What you give must be the lines from the one containing "Liberia Cape Palmas" through the last line of the listing below, exactly, with nothing else and no pictures.

Provided material -
□ □ □ □ □ □ □
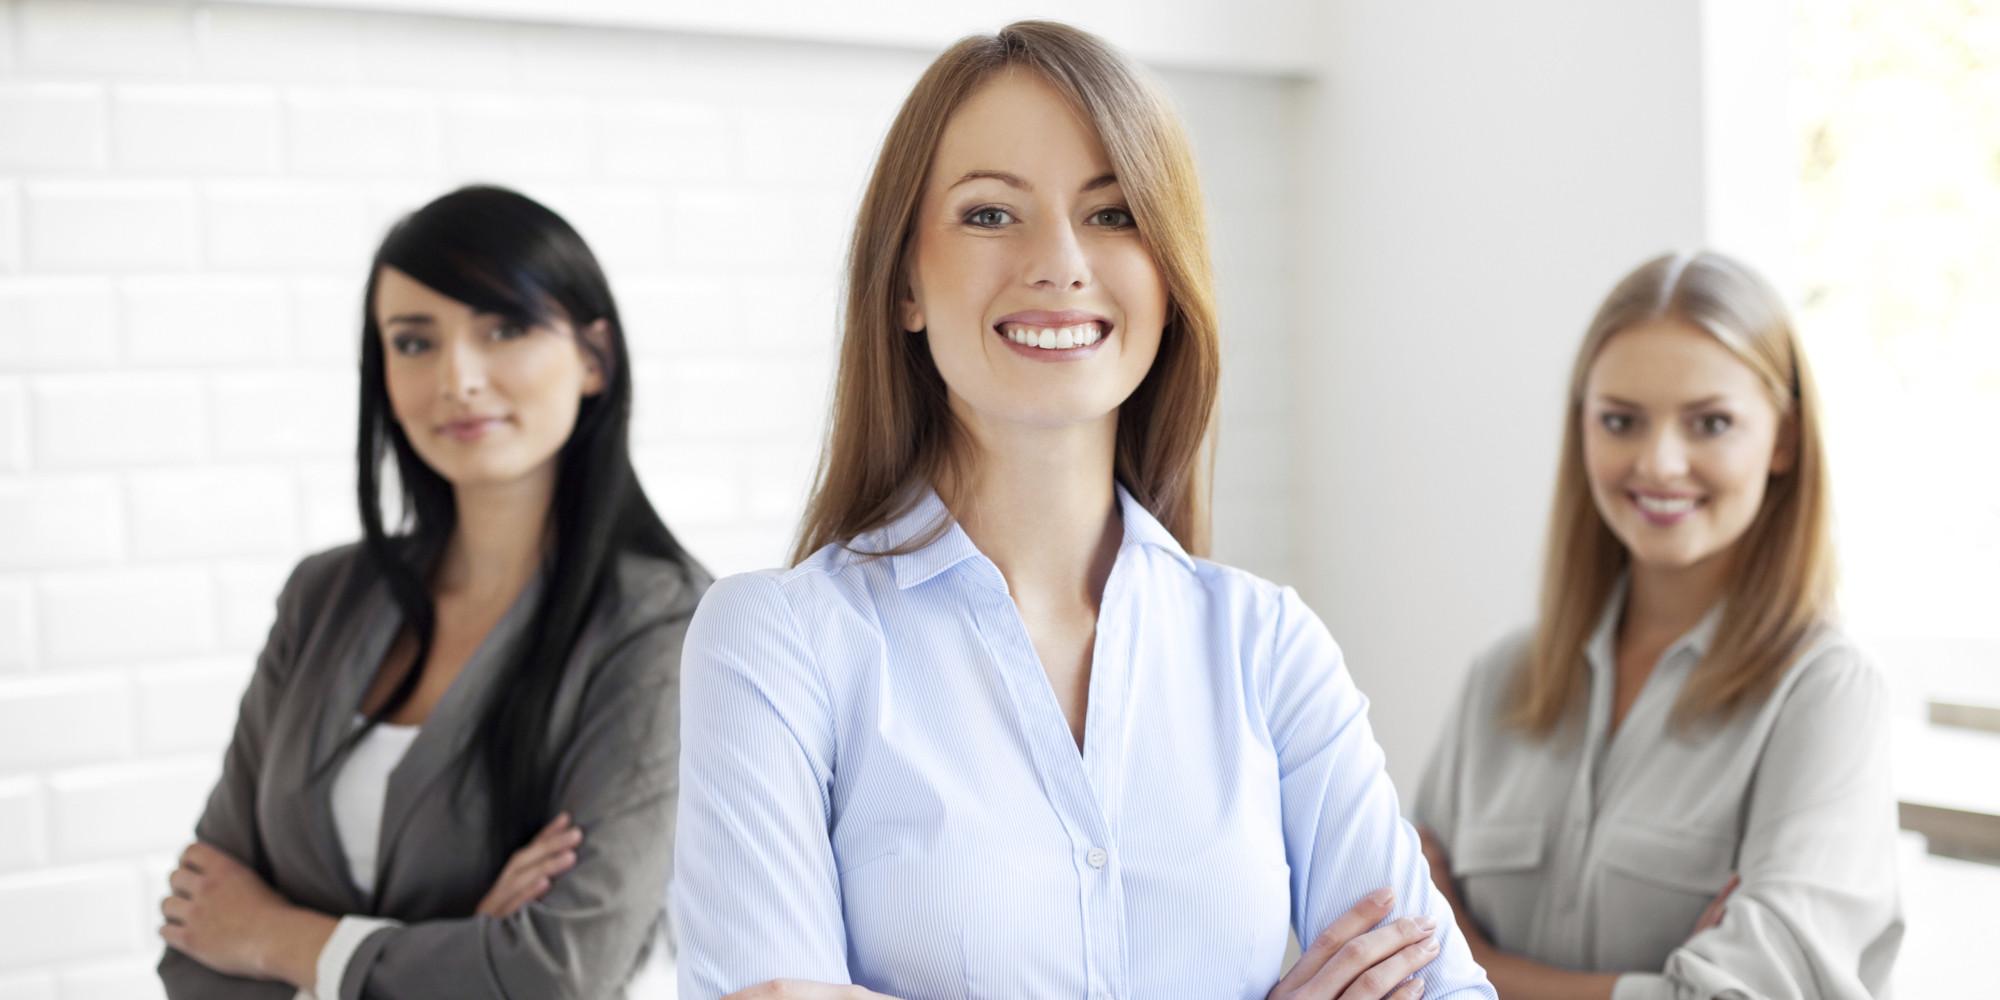 o-women-in-workplace-facebook.jpg
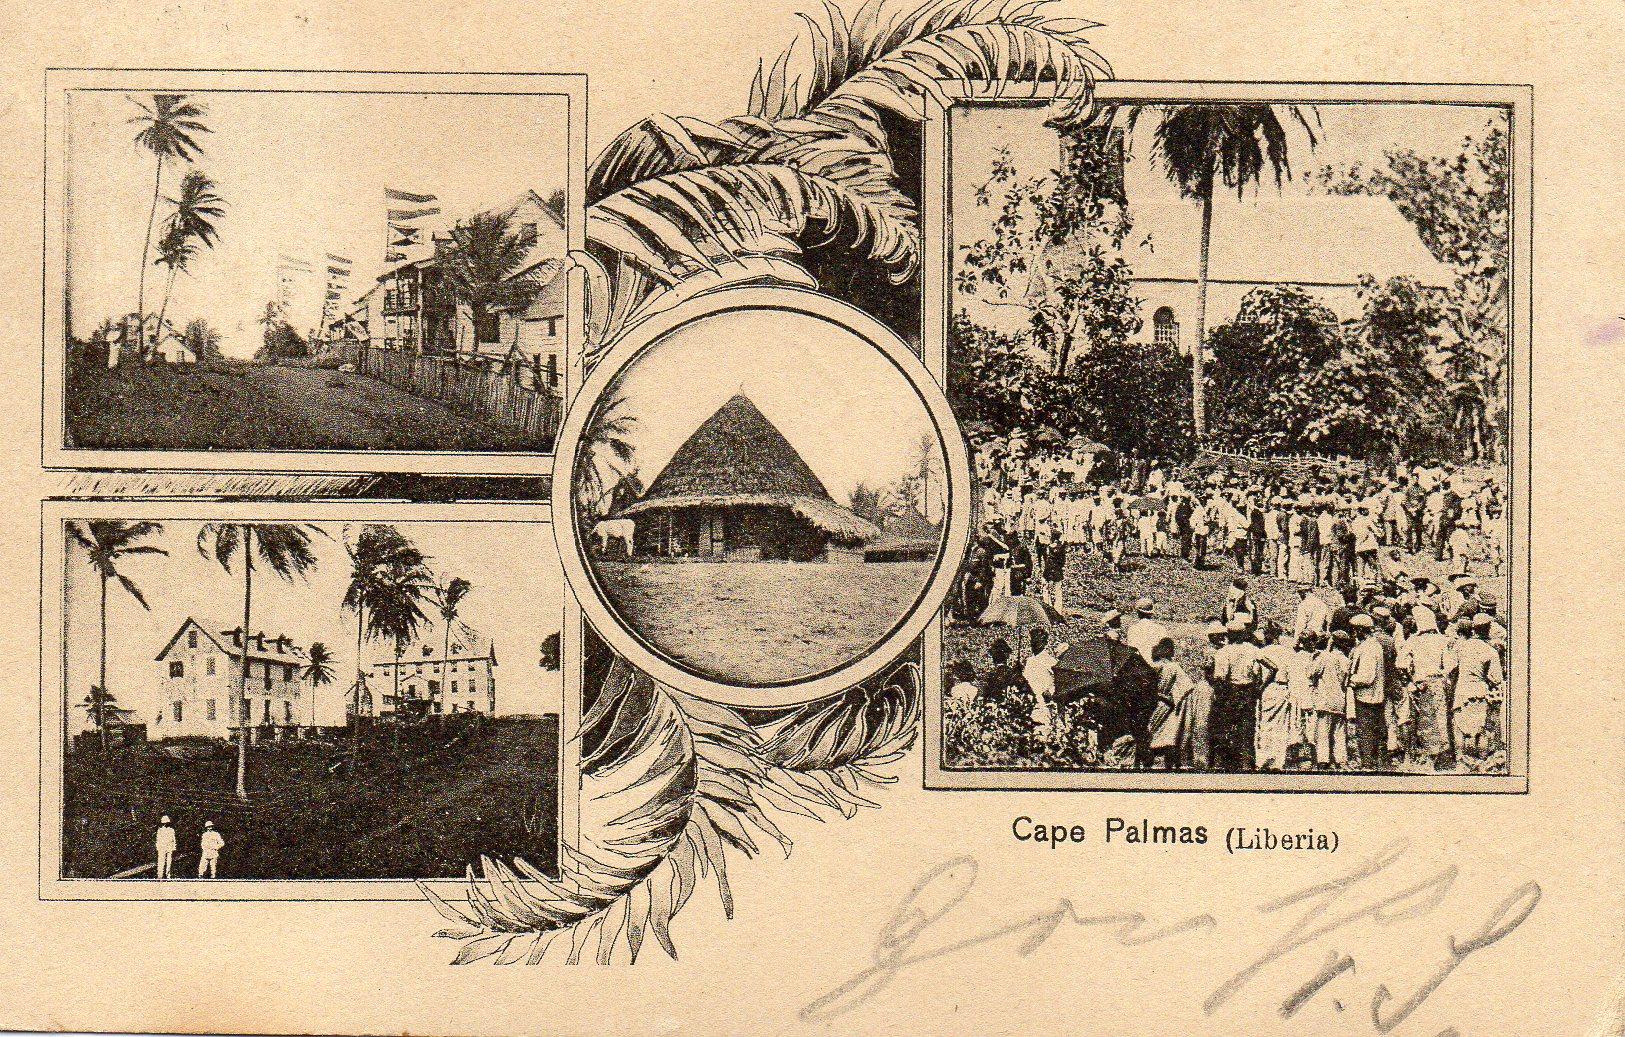 Liberia Cape Palmas
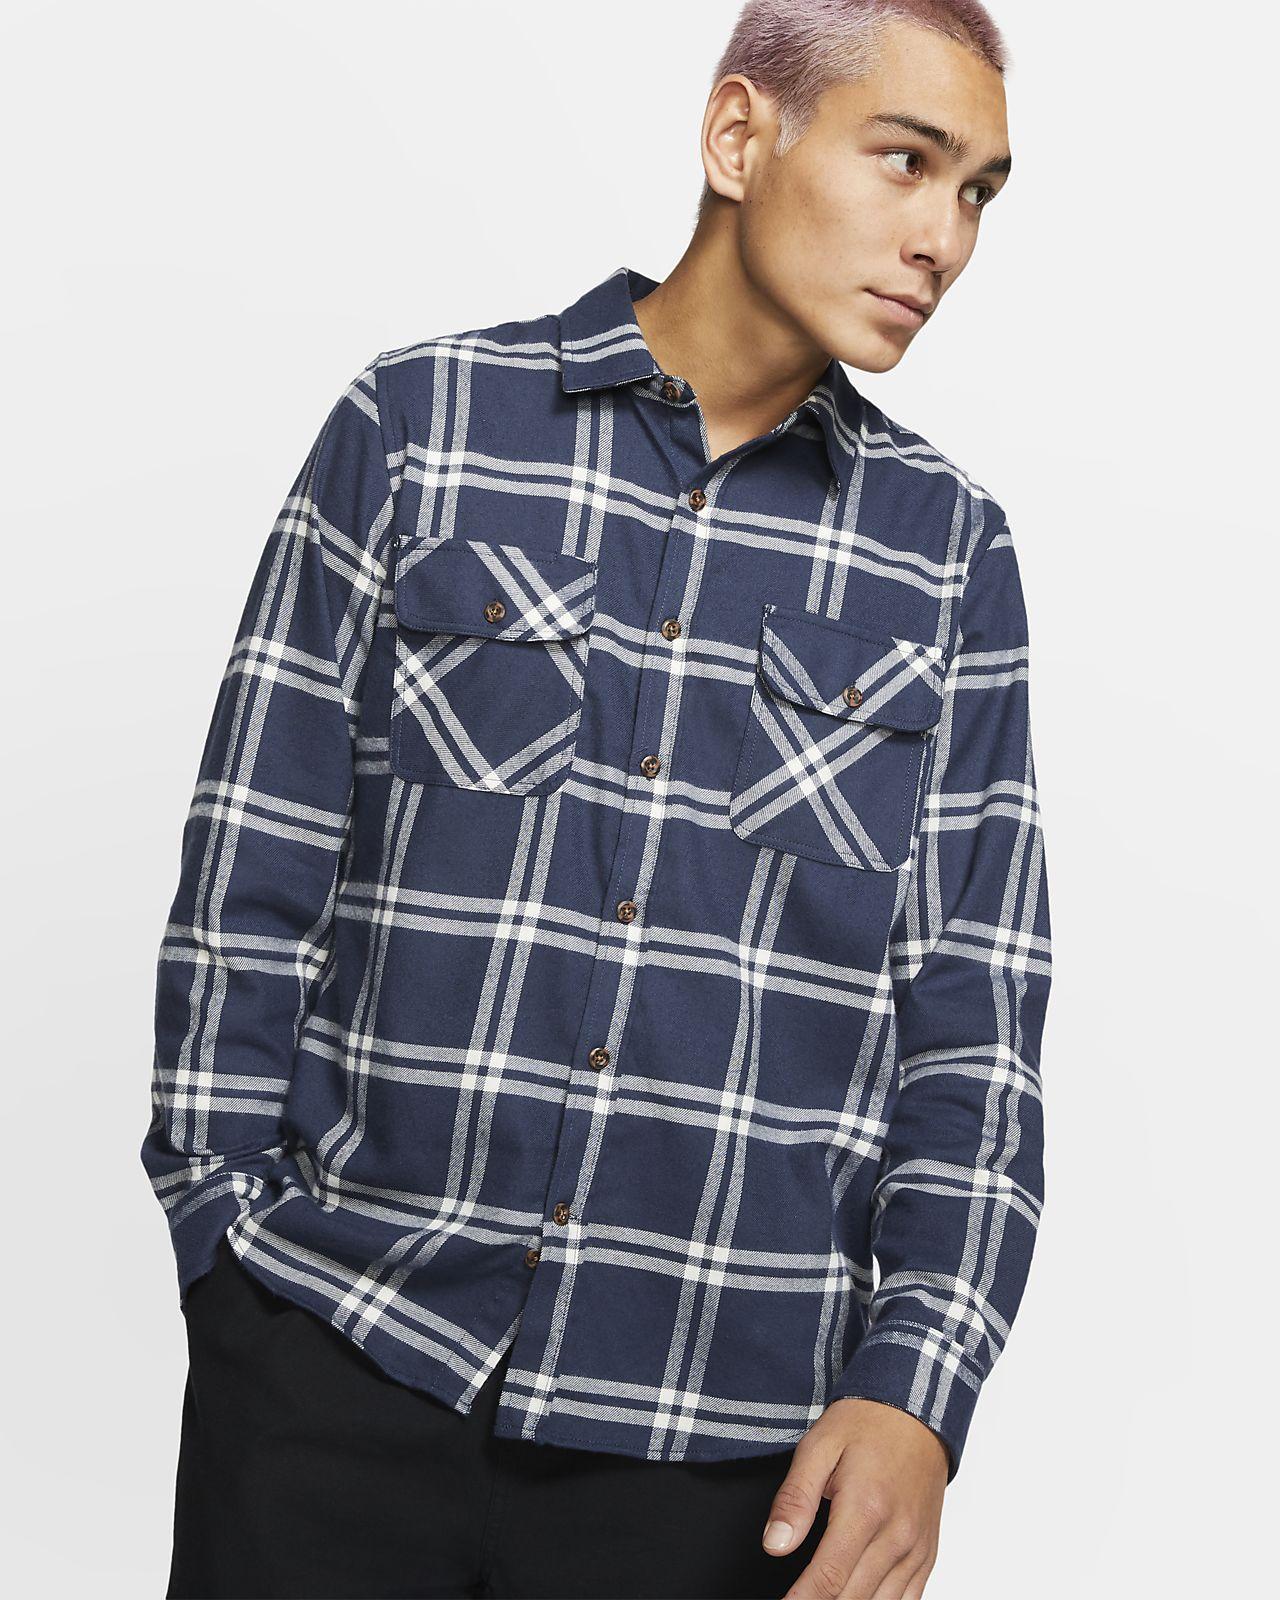 Långärmad tröja Hurley Dri-FIT Salinger för män
□ □ □ □ □ □ □
Your solution -
 Liberia Cape Palmas
 Långärmad tröja Hurley Dri-FIT Salinger för män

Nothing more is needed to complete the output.